Bethlehem Cultural Festival

Lives between the Lines – Reflections on a lost Levant

Michael Vatikiotis, Toby Ash and Anthony Gorman

Michael Vatikiotis in conversation with Toby Ash and Anthony Gorman

Michael Vatikiotis

Michael Vatikiotis

Michael Vatikiotis is a writer, journalist and private diplomat working in Southeast Asia since 1987. He was formerly editor of the Hong-Kong-based Far Eastern Economic Review. He has written two novels set in Indonesia and three books on the politics of Southeast Asia. His latest book “Lives Between The Lines: A Journey in Search of the Lost Levant ”, which traces the roots of his family in Egypt and Palestine, was published in August 2021.

Toby Ash

Toby Ash is a director of Turquoise Mountain, a UK charity founded in 2006 by HRH The Prince of Wales to revive historic areas and traditional crafts, providing jobs, skills and a renewed sense of pride. It operates in Jordan, Saudi Arabia, Afghanistan and Myanmar.

Toby graduated with a master’s degree from the Middle East Centre at St. Antony’s College, Oxford in 1994, where he specialised in the history of Palestine. He subsequently worked as a journalist in the Middle East and was a frequent visitor to Palestine and a regular commentator on Middle Eastern affairs in the UK and the US.

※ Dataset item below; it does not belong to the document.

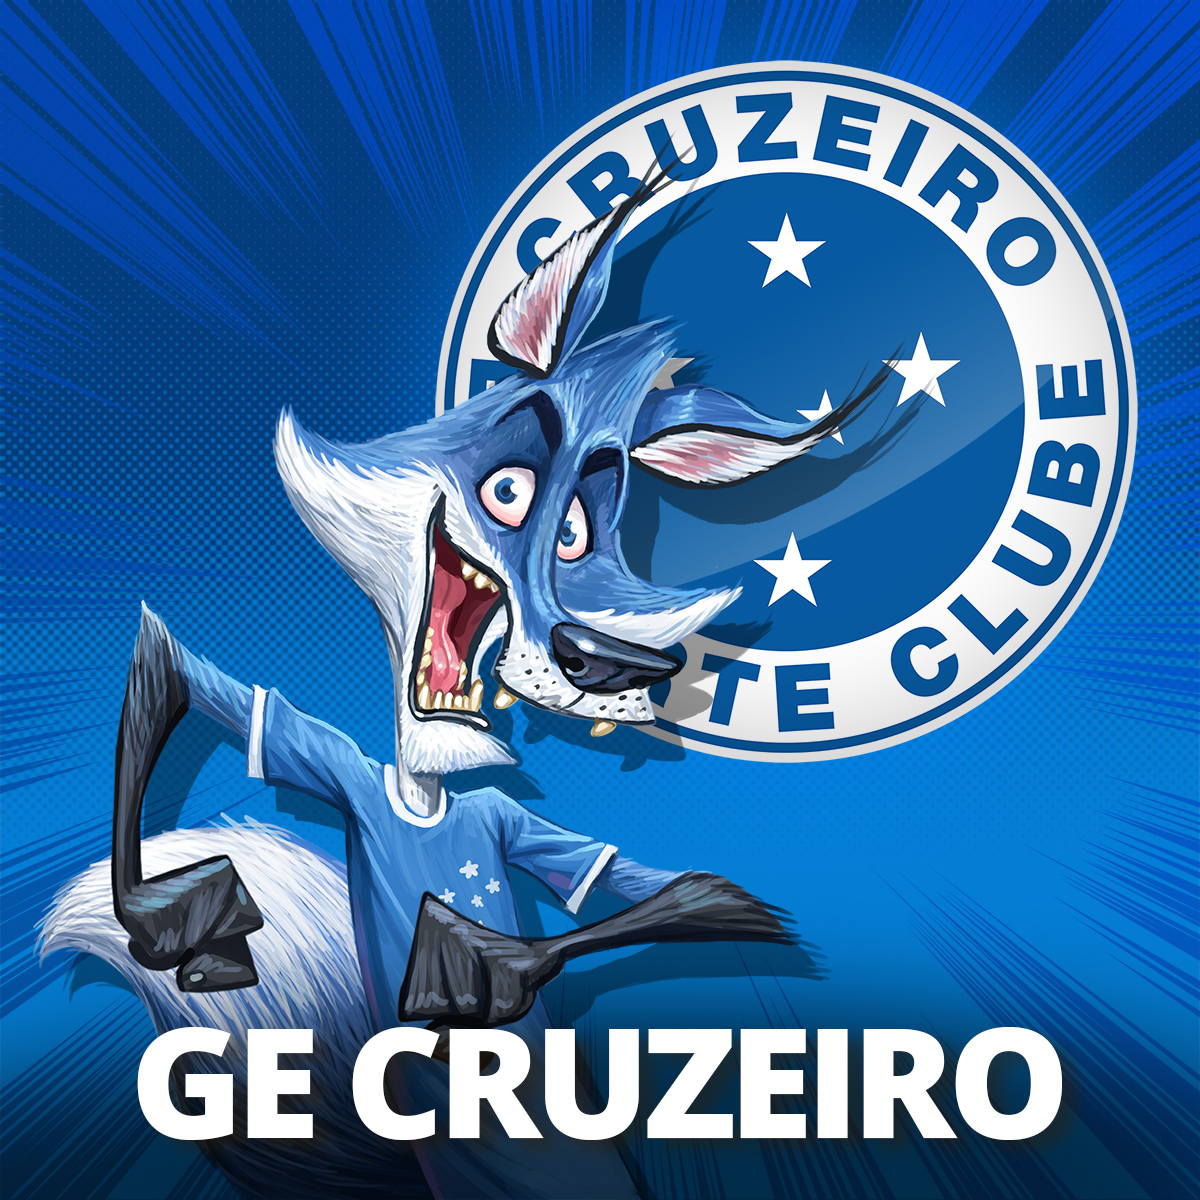 Globo Esporte - Notícias do Cruzeiro de hoje, 07/07

In 2000, he moved into the private sector in the UK, before returning to the Middle East in 2015 to manage the country operations of a large French humanitarian INGO, firstly in Jordan and then in Gaza and the West Bank. He is currently based in the UK.

Anthony Gorman

Anthony Gorman

Anthony Gorman is Senior Lecturer in Islamic and Middle Eastern Studies at the University of Edinburgh. Author of Historians, State and Politics in Twentieth Century Egypt (2003) he has co-edited and contributed to number of volumes on late nineteenth-century Egyptian history, Middle Eastern diasporas and the press in the Middle East before 1950. His latest volume (co-edited with Sarah Irving), Cultural Entanglement in the Pre-Independence Arab World: Arts Thought and Literature (IB Tauris 2021) includes his chapter, ‘Cultural communicators: The Greek Arabists of Interwar Egypt’. His current research interests include the history of the Middle Eastern prison, the anarchist movement in the Eastern Mediterranean before the First World War and the resident foreign presence in Egypt.